Bakan Çavuşoğlu, "2020'de terörle mücadelede hız kesmedik. PKK ve FETÖ'ye karşı duyarlılığın farklı ülkelerde arttığını görüyoruz. Bu yıl 9 FETÖ okulu kapatıldı, 3'ü devralındı. Bir tanesi de kamulaştırıldı. Bayrağımızın dalgalandığı her yerde vatandaşlarımıza kaliteli hizmet vermeyi prensip edindik. 2021'e yabancı düşmanlığı konularında Batı'da yaşanan gelişmelere ilişkin yıllık rapor uygulamasını başlatacağız. Bu tür eylemleri listeleyeceğiz, rapor haline getireceğiz, uluslararası örgütler ile paylaşacağız. Ekonomi diplomasisi önceliğimizdir, önceliğimiz olmaya devam edecek. Yeni büyükelçilik açtığımız ülkelerde ticaretimiz yüzde 27 artmış. 2021'de önceliğimiz yine diyalog ve diplomasi olacak.

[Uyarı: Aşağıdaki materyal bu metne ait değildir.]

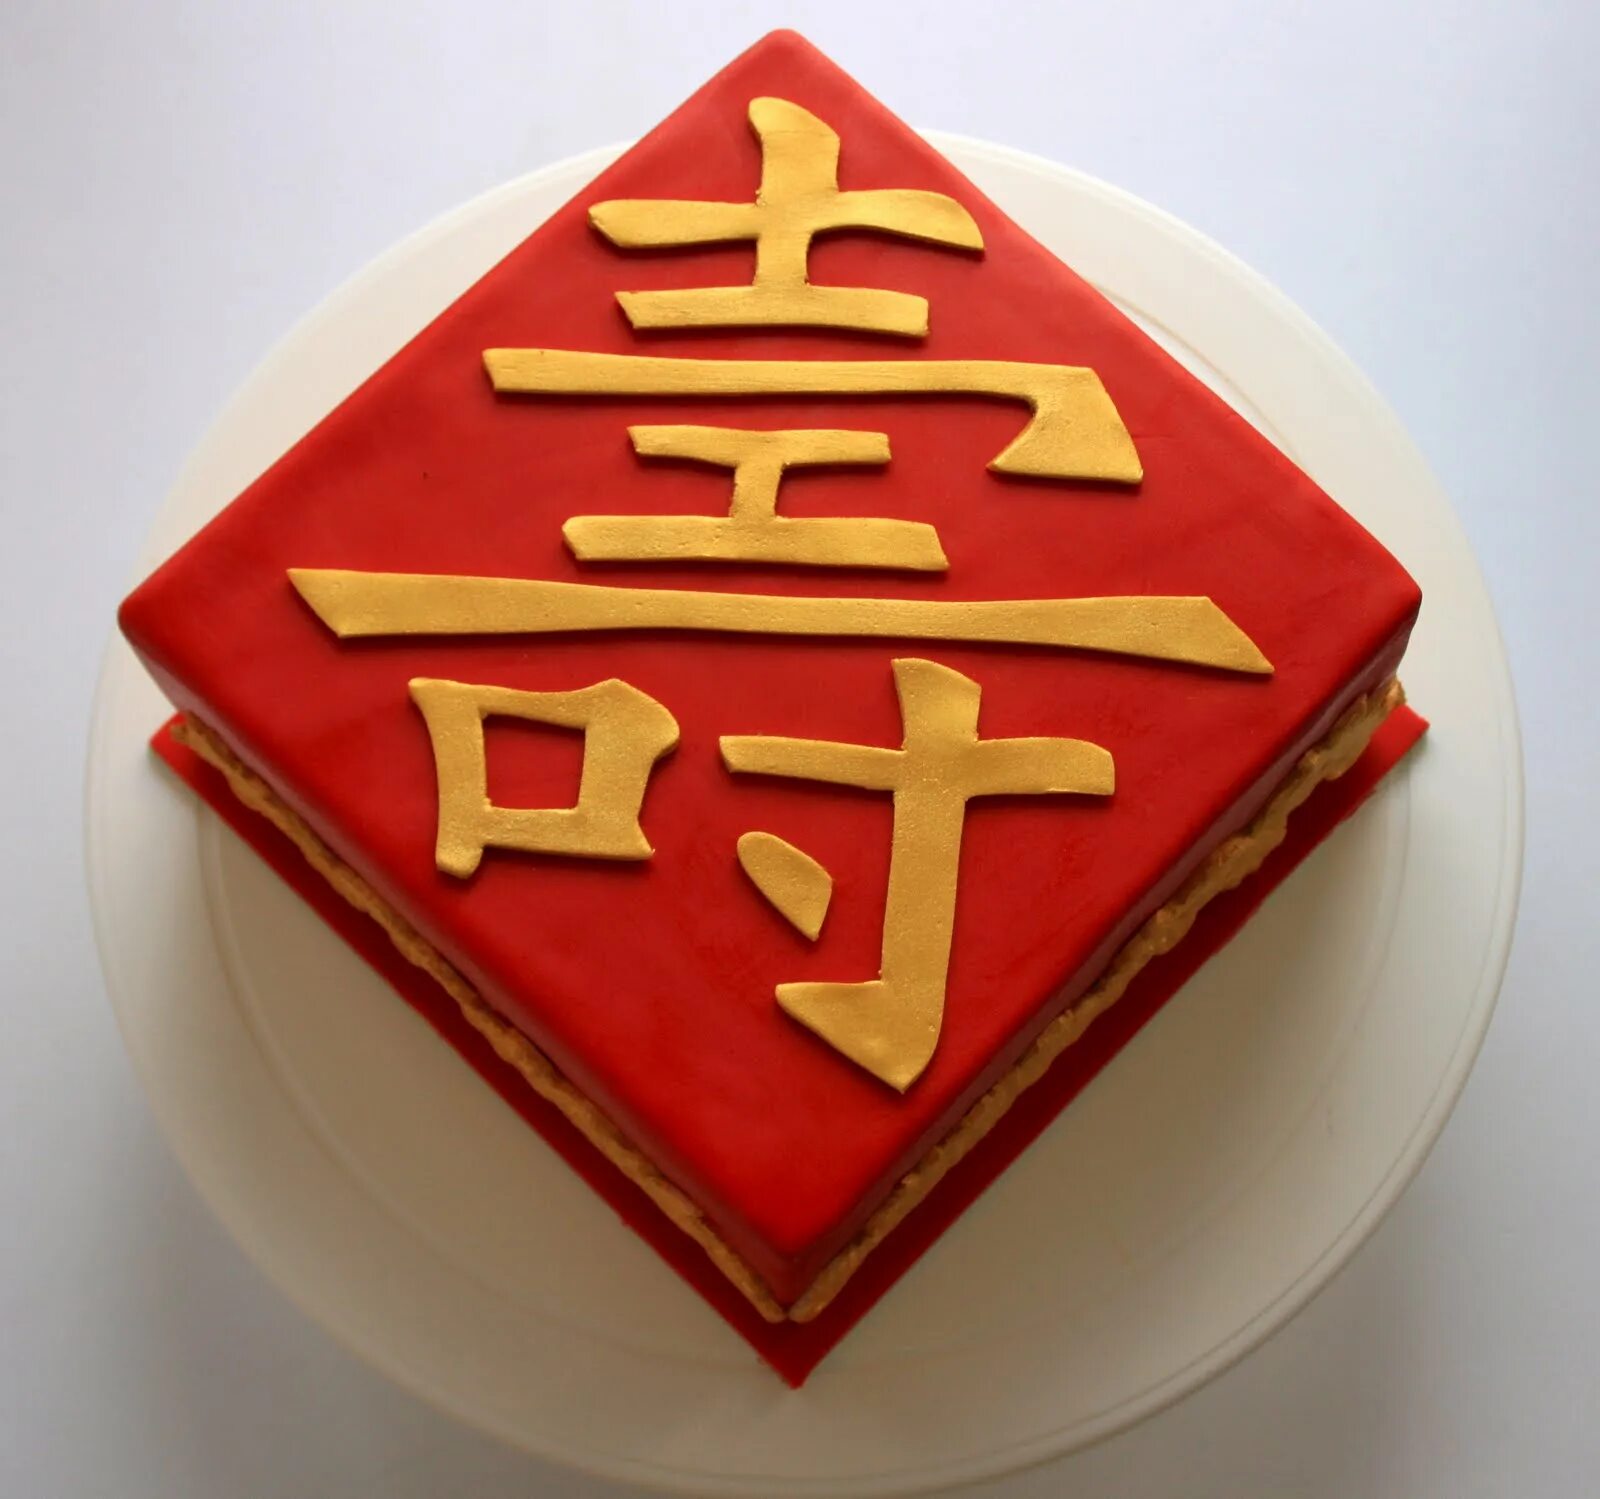 China birthday. Китайский торт. Торт в японском стиле. Торт в китайском стиле. Торт с китайской тематикой.

Yeri geldiği zaman 2020'de olduğu gibi sert gücü kullanmakta da tereddüt etmeyiz. Gerek Avrupa gerek AB ile yeni sayfalar açabiliriz. Bu sadece bize bağlı değil, onların da aynı anlayışta olması gerekiyor. Terör ile mücadelemizi kararlılıkla sürdürmemiz lazım. Milletimizin çıkarı ne yöndeyse o yönde dış politika izleyeceğiz. 2021 yılı diplomasinin şahlandığı yıl olacak" diye konuştu.